La década perdida

LA DÉCADA PERDIDA

Han pasado diez años desde el infantil temor al Y2K, que llevó a muchos a prescindir de sus electrodomésticos en el recibimiento del nuevo siglo. Era el fin de la historia, Fukuyama lo había predicho, el capitalismo y el imperio americano eran inamovibles e incuestionables. El muro de Berlín había caído, el comunismo había muerto con la Unión Soviética, y la crisis de los tigres asiáticos había dejado sin fundamento la idea de un mundo “multipolar”. Estados Unidos se entronizaba entonces, como único e indiscutible imperio.

Fukuyama planteó en aquel entonces, que todo ello devendría en lo que en un escenario pseudokantiano se llamaría “la paz perpetua”, trayendo como consecuencia una confederación pacífica de naciones, que terminaría por profundizar la globalización. Sin embargo, con lo que no contaba Fukuyama (no olvidemos que él fue de los pocos “intelectuales” que apoyó la invasión a Irak), era con que el 11 de septiembre de 2001, en un acontecimiento aún no esclarecido, se produjo la (supuesta) primera acción de guerra en territorio americano desde Pearl Harbor.

El resultado fue el que conocemos, se detonó una nueva guerra mundial, soterrada, basada en conflictos “de baja intensidad”, que ha reavivado la guerra fría entre Washington y Moscú, que se creía extinguida.

El 11S supera en cuanto a la dimensión mediática y en su inmediatez, a otros “grandes acontecimientos” (en realidad detonantes de guerras) como Pearl Harbor, el asesinato del archiduque Francisco Fernando en Sarajevo o el incendio del Reichstang.

Es un lugar común creer que los atentados del 11-S fueron los que redefinieron por completo el contexto y la significación del término “terrorismo”. El discurso del terrorismo ha venido en ascenso, y ha sufrido diferentes transformaciones, de acuerdo a la sucesión de actos criminales, pero también de acuerdo a los intereses políticos, económicos y geoestratégicos de las administraciones de los Estados Unidos de América.

A la destrucción del WTC el 11-S, sobrevino el “turno” al bate de la maquinaria de guerra norteamericana, llevando a la desestabilización por razones estratégicas regiones del planeta en aquel entonces en la periferia del dominio imperial.
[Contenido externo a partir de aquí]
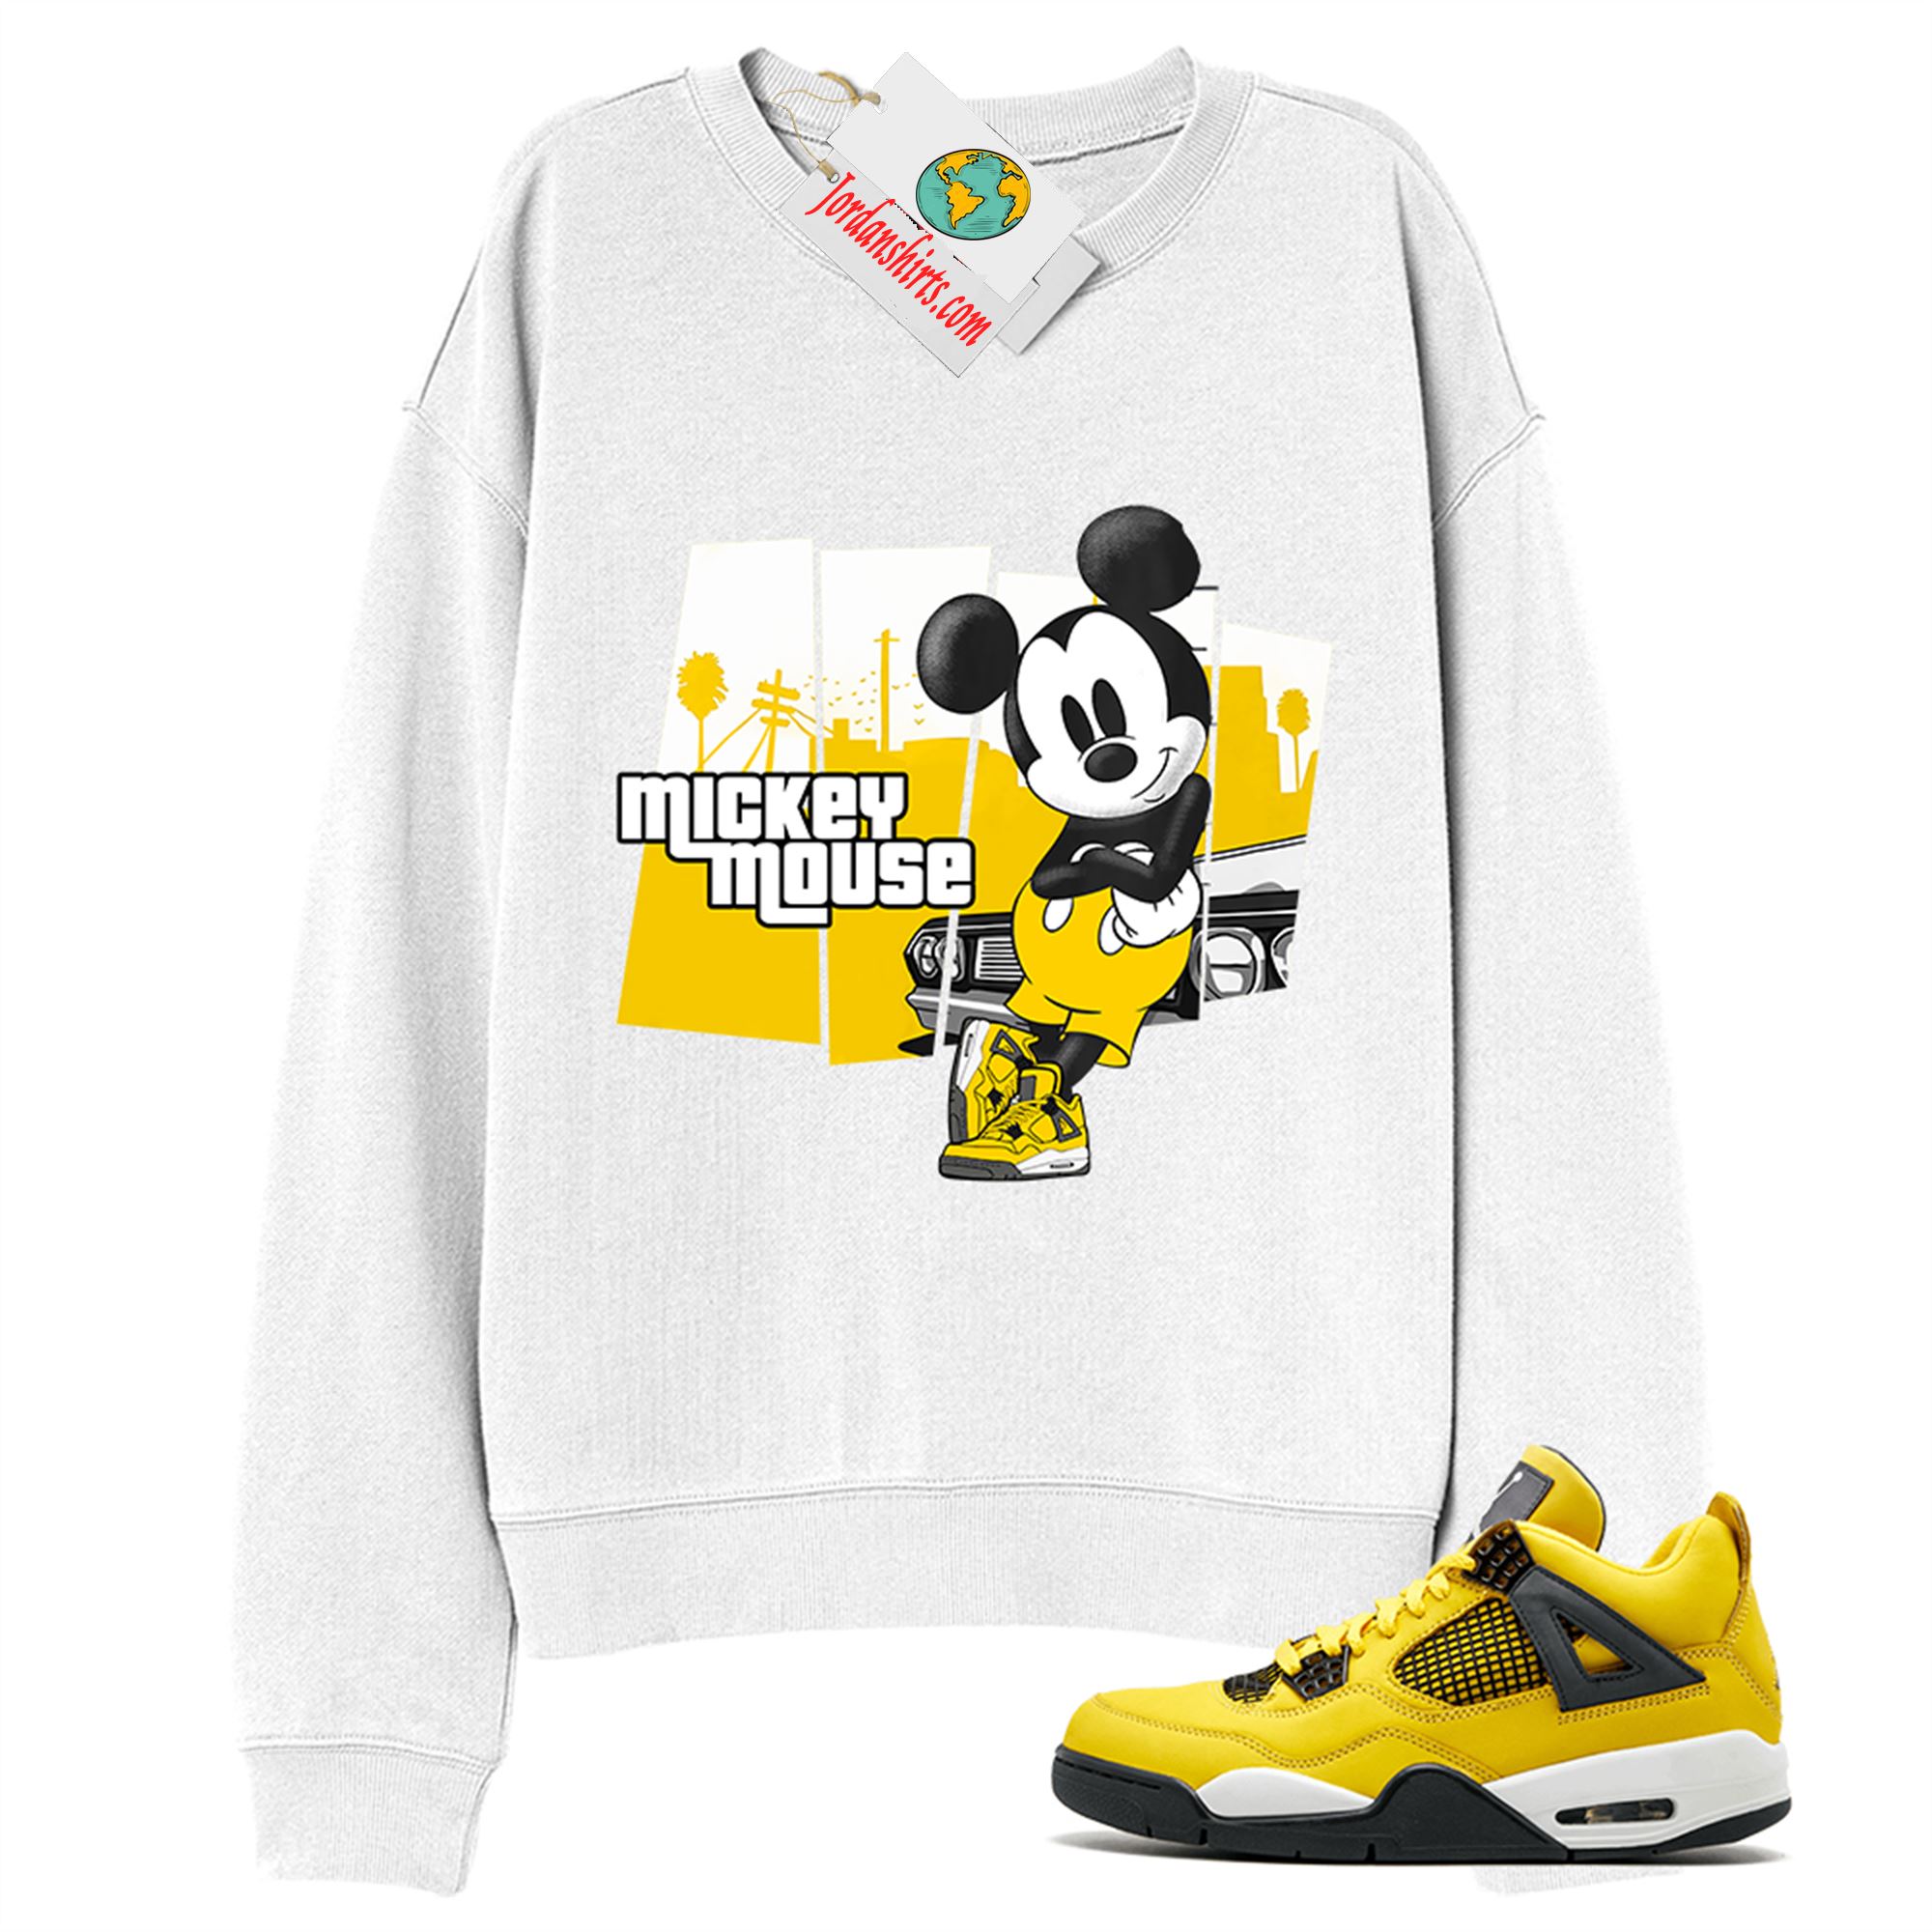 Jordan 4 Sweatshirt, Mickey Gta White Sweatshirt Air Jordan 4 Tour Yellow Lightning 4s Size Up To 5xl

La forma en que esto se llevó a cabo en el plano ideológico fue a través de la doctrina del ataque preventivo.

Ocho años después, haciendo un balance tanto del aspecto militar y económico, es claro que el ataque ha beneficiado intereses estadounidenses y la máquina de guerra permite la existencia de una hegemonía (basada en la fuerza) del establecimiento estadounidense en países de Medio Oriente, donde antes su posibilidad de acción era limitada o nula. Son estos países, entre otros: Afganistán, Irak, Siria, Turquía, Corea, Indonesia y Pakistán, sin olvidar a Colombia. No hay duda de que la guerra es, y seguirá siendo, el motor de la economía (estadounidense).

Nadie podría olvidar dónde se encontraba en el momento de los atentado a a las Torres Gemelas. Lo que se ignora o se tiende a ignorar, es cómo y en dónde quedamos después de este acontecimiento, que ha conllevado a una ruptura temporal y espacial. Sin ir lejos, en 2001 Colombia desarrollaba un proceso de paz, que pese a las dilaciones y a diferentes inconvenientes, parecía prosperar de forma lenta, pero constante. Proceso en el cual muchos colombianos, veían como factible una negociación política, para encontrar la vuelta a la libertad de civiles y de miembros de la fuerza pública denominados por las FARC como “Canjeables”, y la inclusión en el juego político de una fuerza a la que se le había dado reconocimiento político.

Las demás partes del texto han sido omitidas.